= Leif Utne =

Norwegian resistance member (1919–2004)

Leif Utne (1919 – 25 August 2004) was a Norwegian resistance member during World War II and later a physician.

==Early life==
Utne was born in Bergen as the son of a physician. He finished secondary school in 1938, and enrolled in medicine studies at the University of Oslo in the same year.

==World War II==
When World War II reached Norway on 9 April 1940, with the German invasion, Utne volunteered and fought for Norway in the battles of Southern Norway. After Norway capitulated, he was a co-founder of the resistance group "Theta". The group was self-initiated in a circle of friends, but they lacked contacts, knowledge and materials to actually conduct intelligence work. Other members of the group running "Theta" were Bjarne Thorsen, Kristian Ottosen, Helmer Dahl, Hagbarth Schjøtt, Jr. and Jan Dahm. Two members were sent to the United Kingdom: Leif Utne and Bjarne Thorsen. Utne travelled via Sweden, while Thorsen crossed the Norwegian Sea. Thorsen returned with the necessary equipment, and a radio post was finally set up in December 1941, with its headquarters at the famous seaside location Bryggen.
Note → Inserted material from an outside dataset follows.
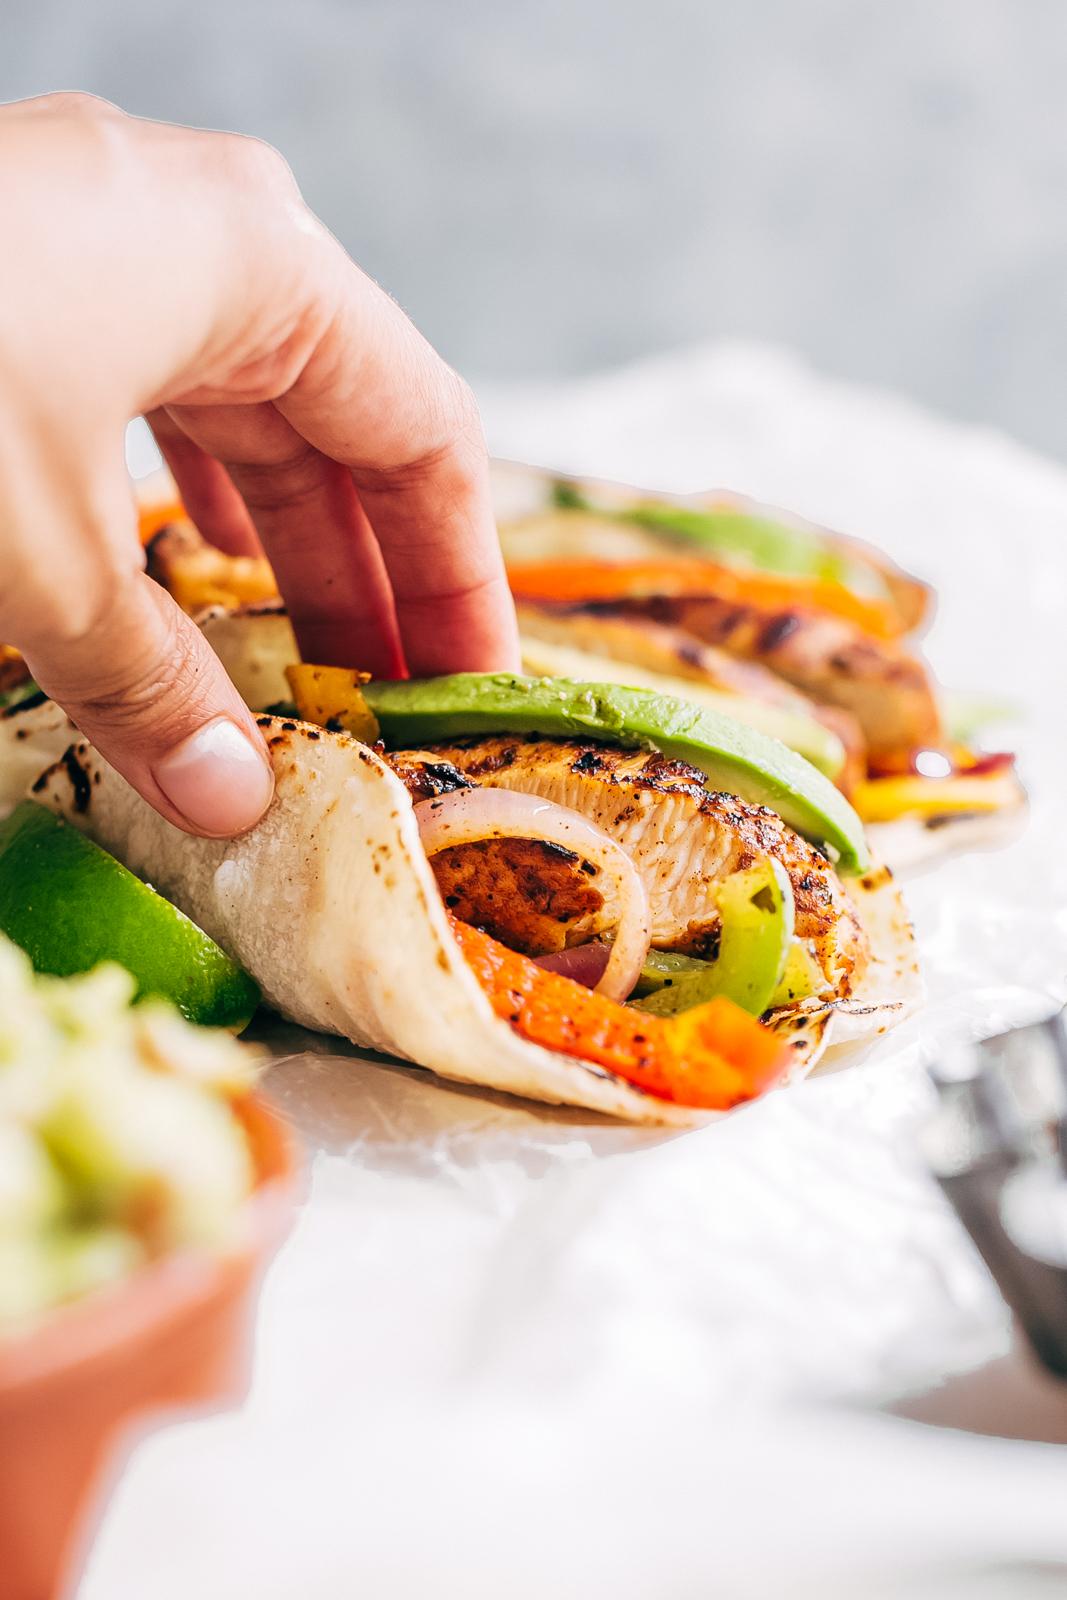 hand holding tortilla with chicken fajitas, sliced avocados and sautéed veggies
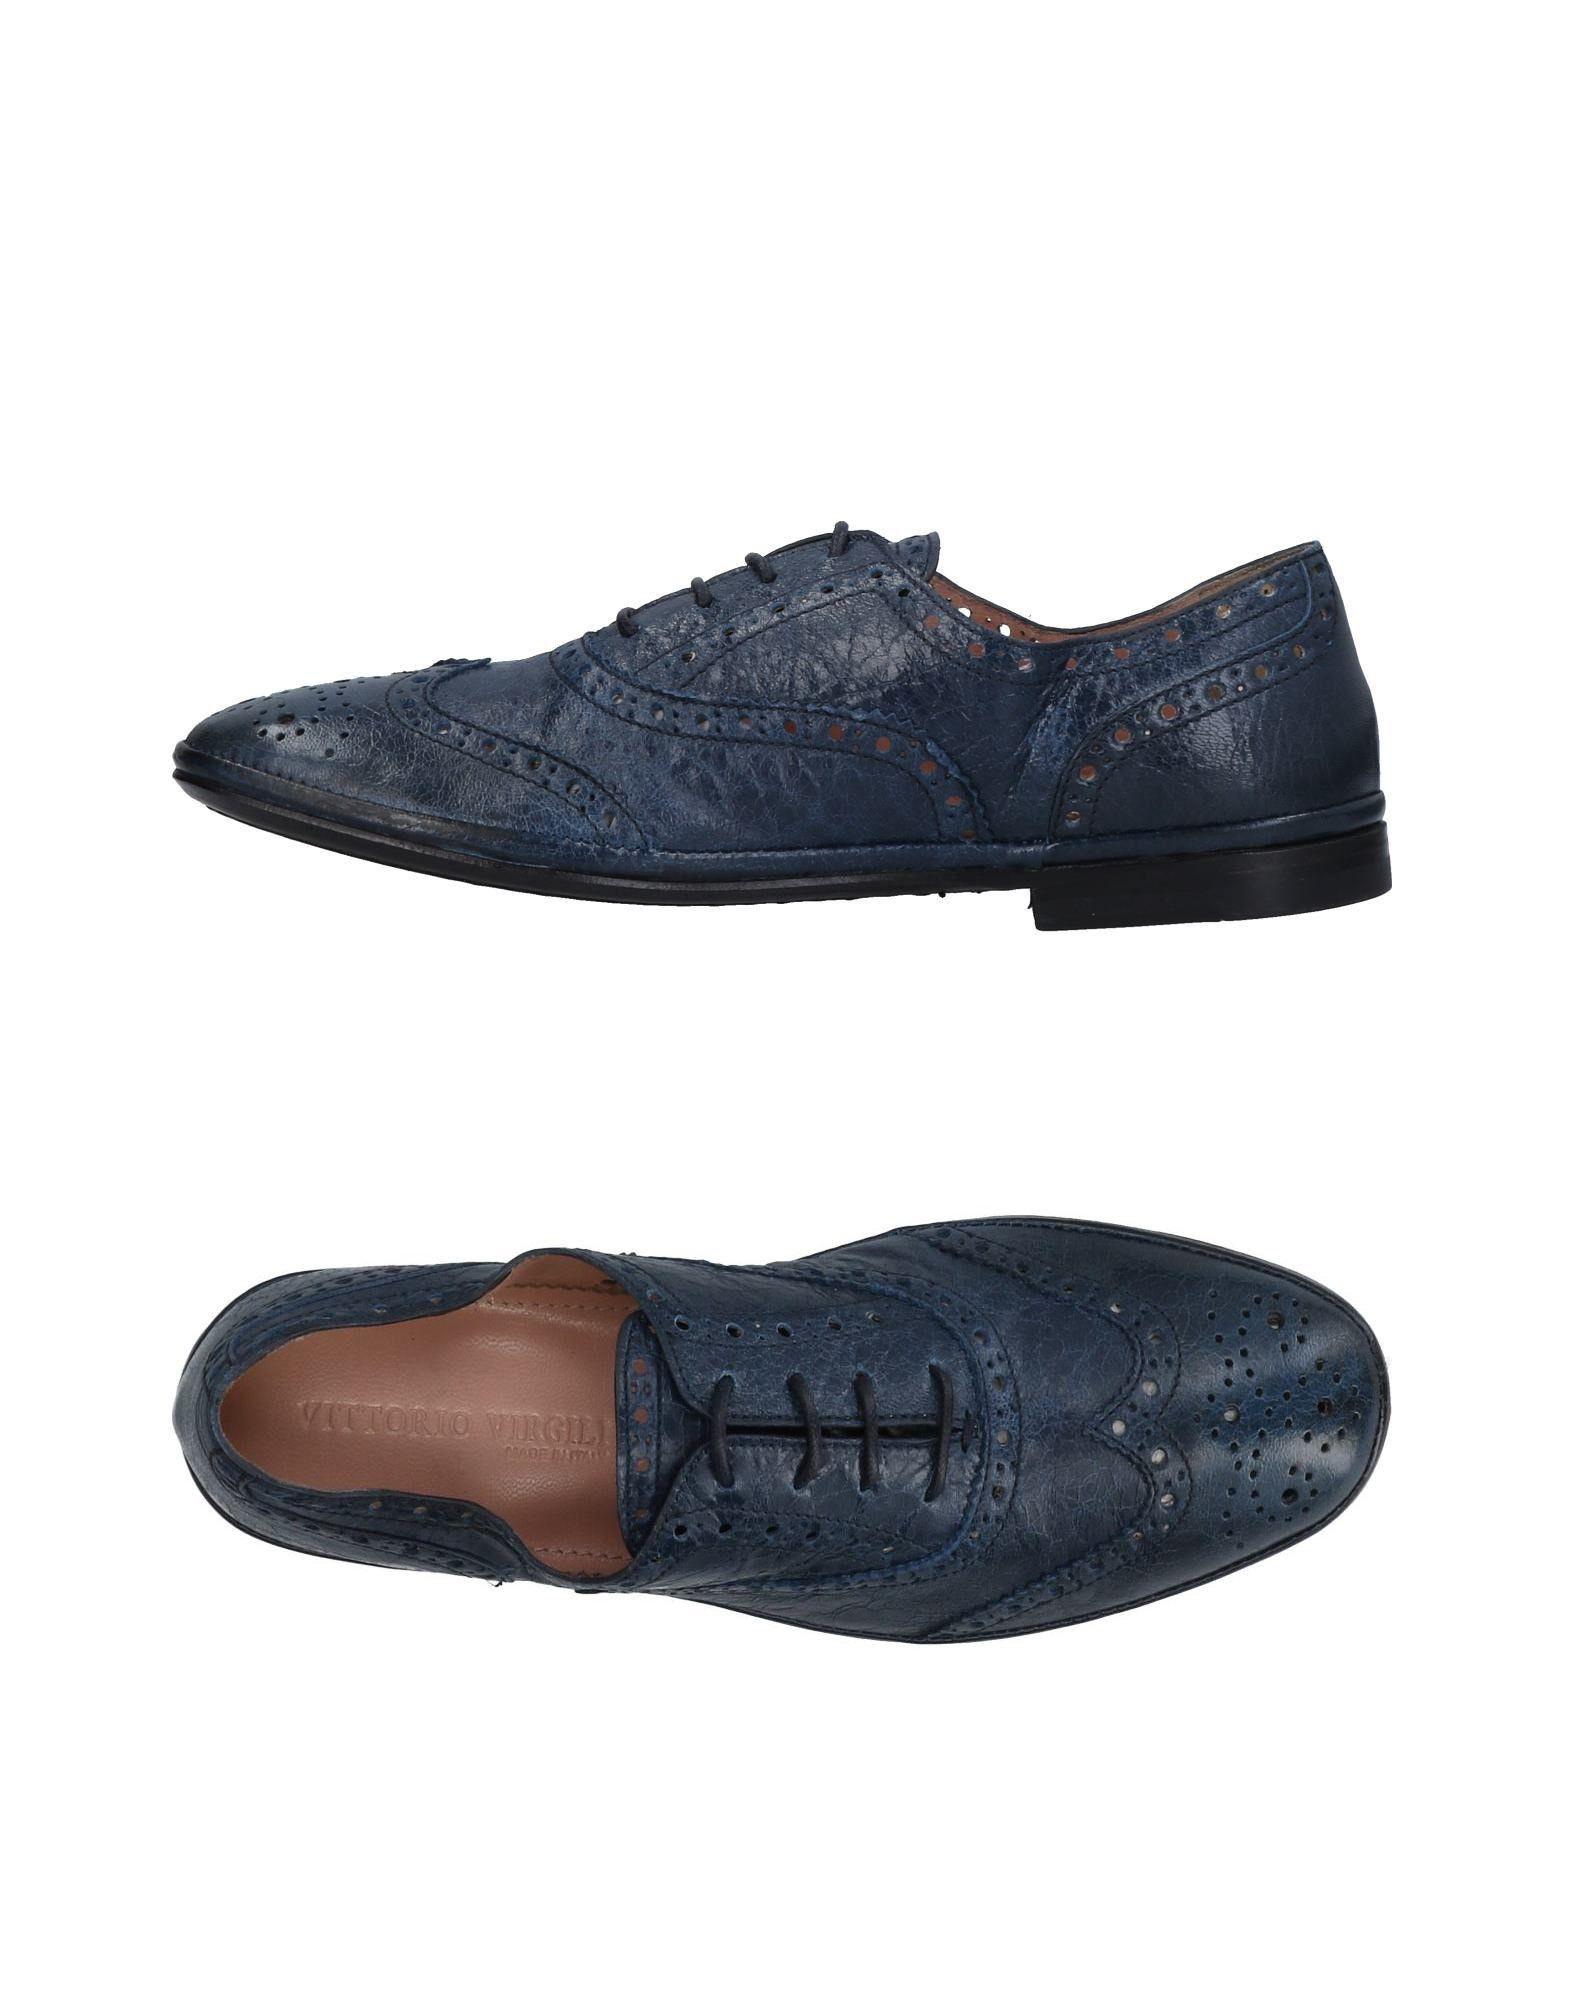 VITTORIO VIRGILI Обувь на шнурках vittorio virgili сапоги

By that time, however, Leif Utne had become stationed in Scotland as a part of the Royal Norwegian Navy-in-exile. He operated out of Lerwick in a motor torpedo boat squadron, among others together with Hugo Munthe-Kaas. Utne was decorated with the Norwegian War Medal.

==Later career==
After the war, Utne resumed his medicine studies. He graduated with the cand.med. degree in 1950. From 1961 he was a specialist in skin diseases. He worked at Haukeland University Hospital, in his own clinic as well as the St. Franciscus Hospital in Florida, Bergen. He trained students belonging to the University of Bergen. He also continued working with the navy, and reached the rank of commander in 1976.

He chaired the local branch of the Norwegian Medical Society from 1974 to 1975. He was also active in Doktorklubben av 1959, Nasjonalhjelpen and the sports club Bergens TF. He was married and had two daughters. He died in August 2004 at Haukeland University Hospital.